• **Work to be completed**
Your copy of the listing should match it exactly, only without pictures.
START Material provided
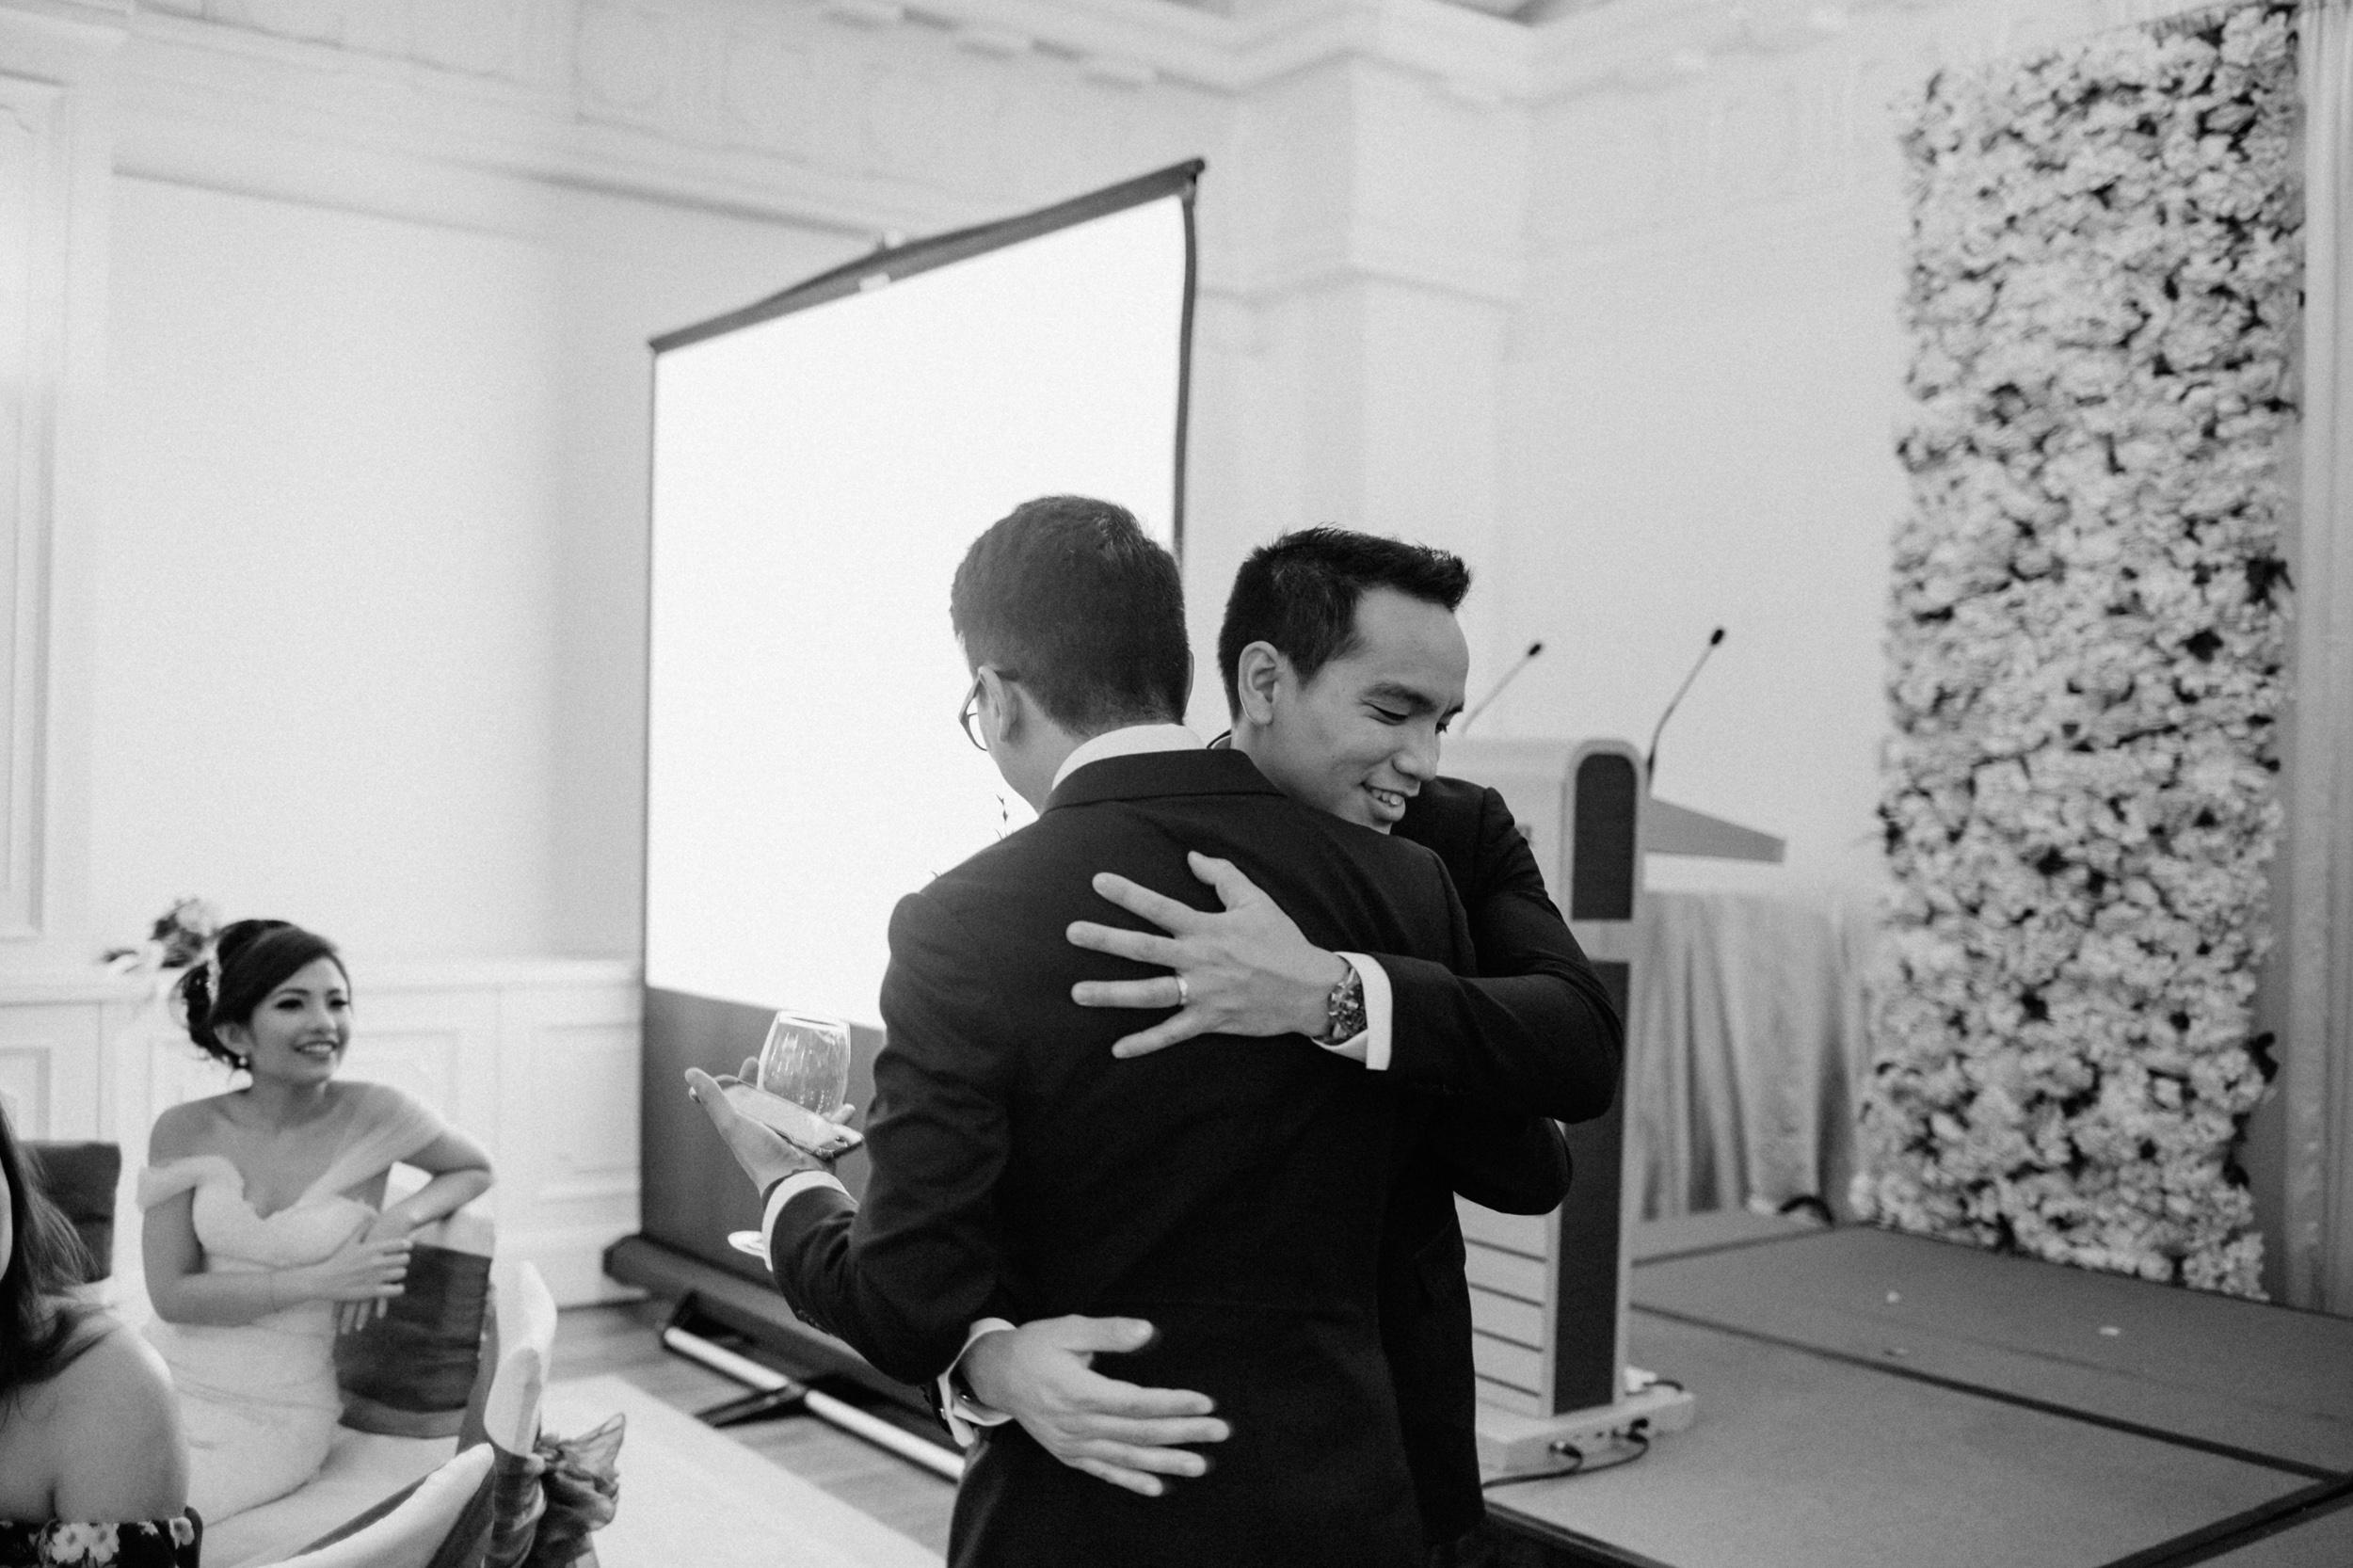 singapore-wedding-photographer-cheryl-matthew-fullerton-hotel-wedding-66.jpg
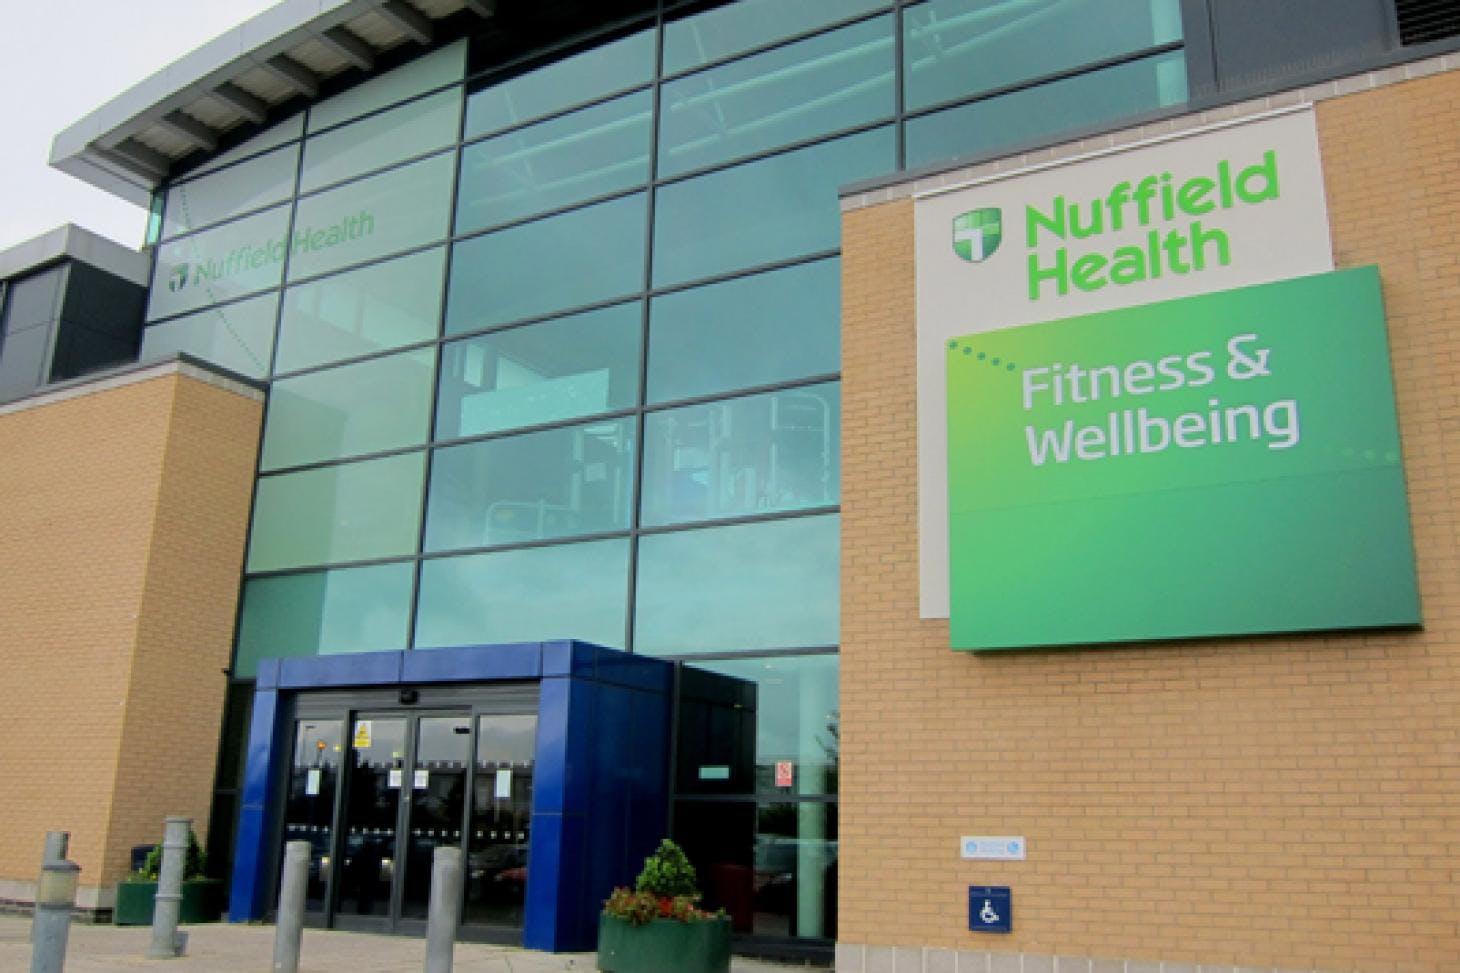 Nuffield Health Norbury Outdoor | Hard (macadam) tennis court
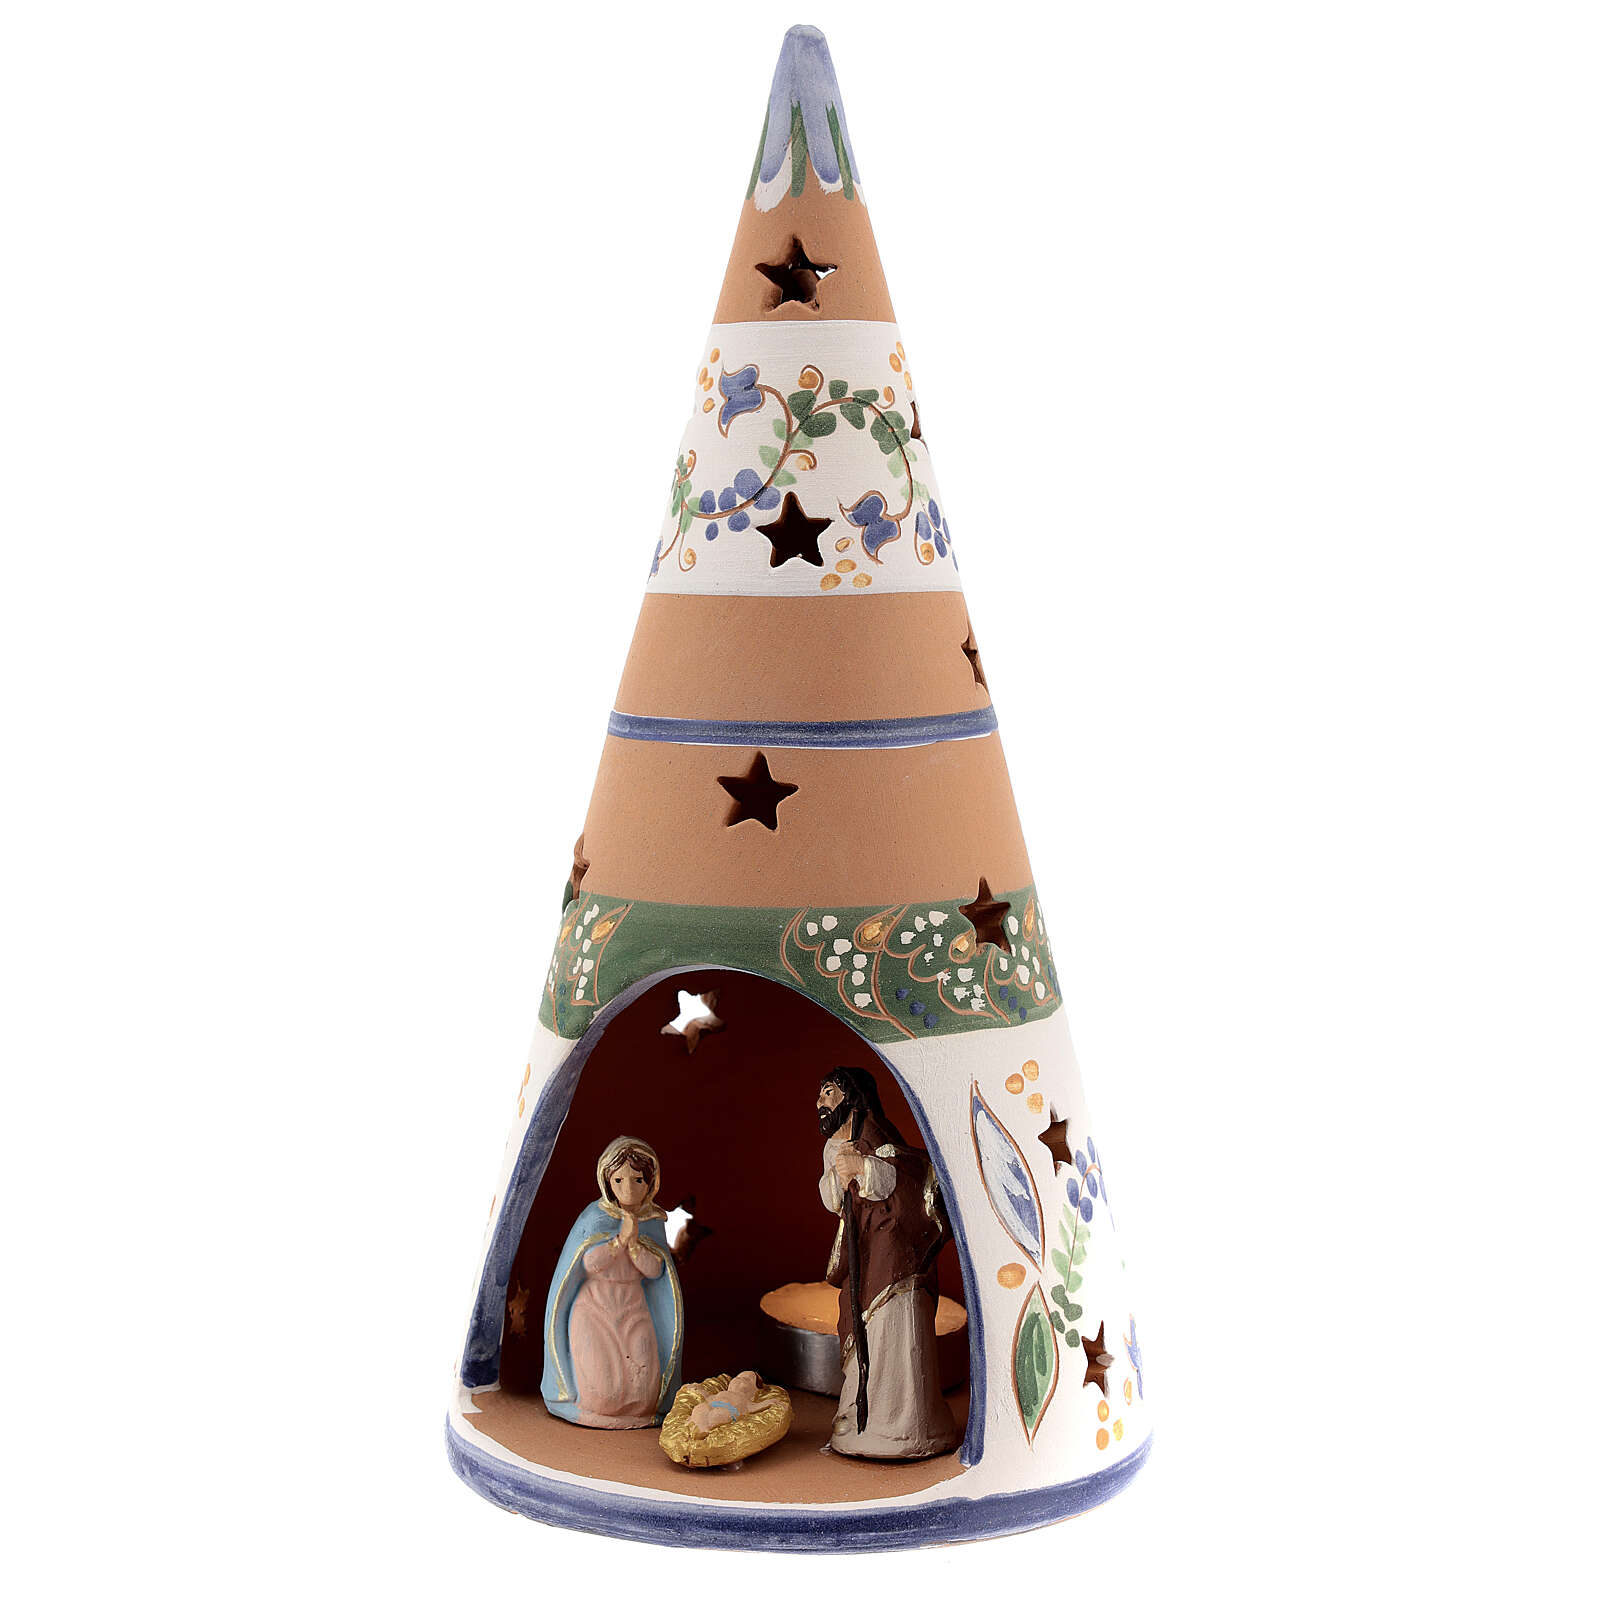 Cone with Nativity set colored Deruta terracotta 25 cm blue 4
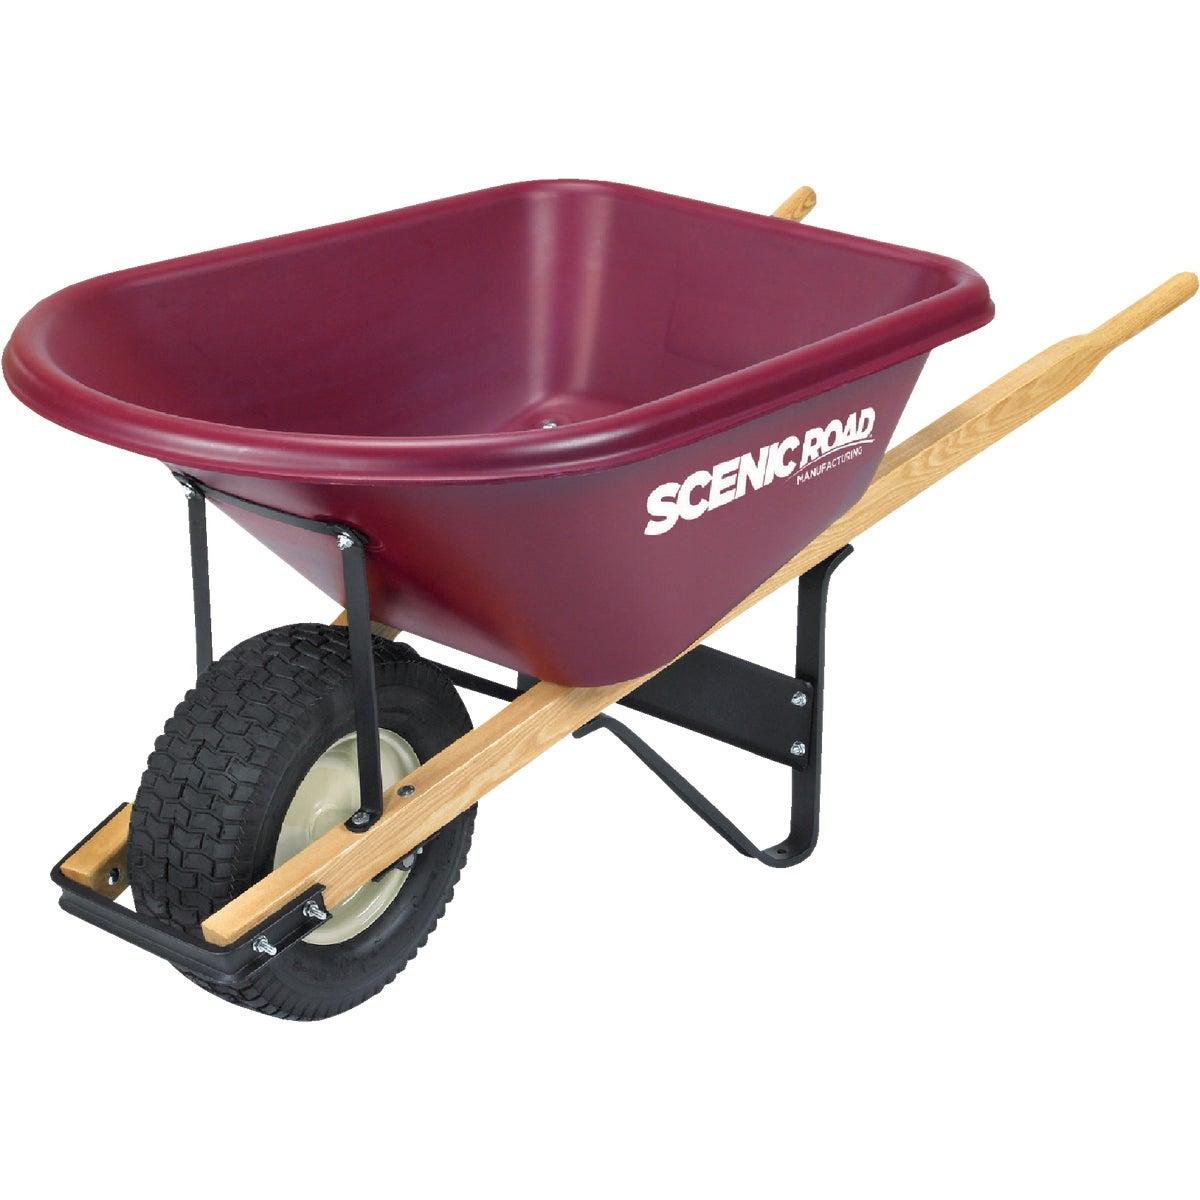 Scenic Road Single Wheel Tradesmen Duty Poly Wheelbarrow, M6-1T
END Material provided
• **Written answer**
 singapore-wedding-photographer-cheryl-matthew-fullerton-hotel-wedding-66.jpg
 Nuffield Health Norbury Outdoor | Hard (macadam) tennis court
 Cone with Nativity set colored Deruta terracotta 25 cm blue 4
 Scenic Road Single Wheel Tradesmen Duty Poly Wheelbarrow, M6-1T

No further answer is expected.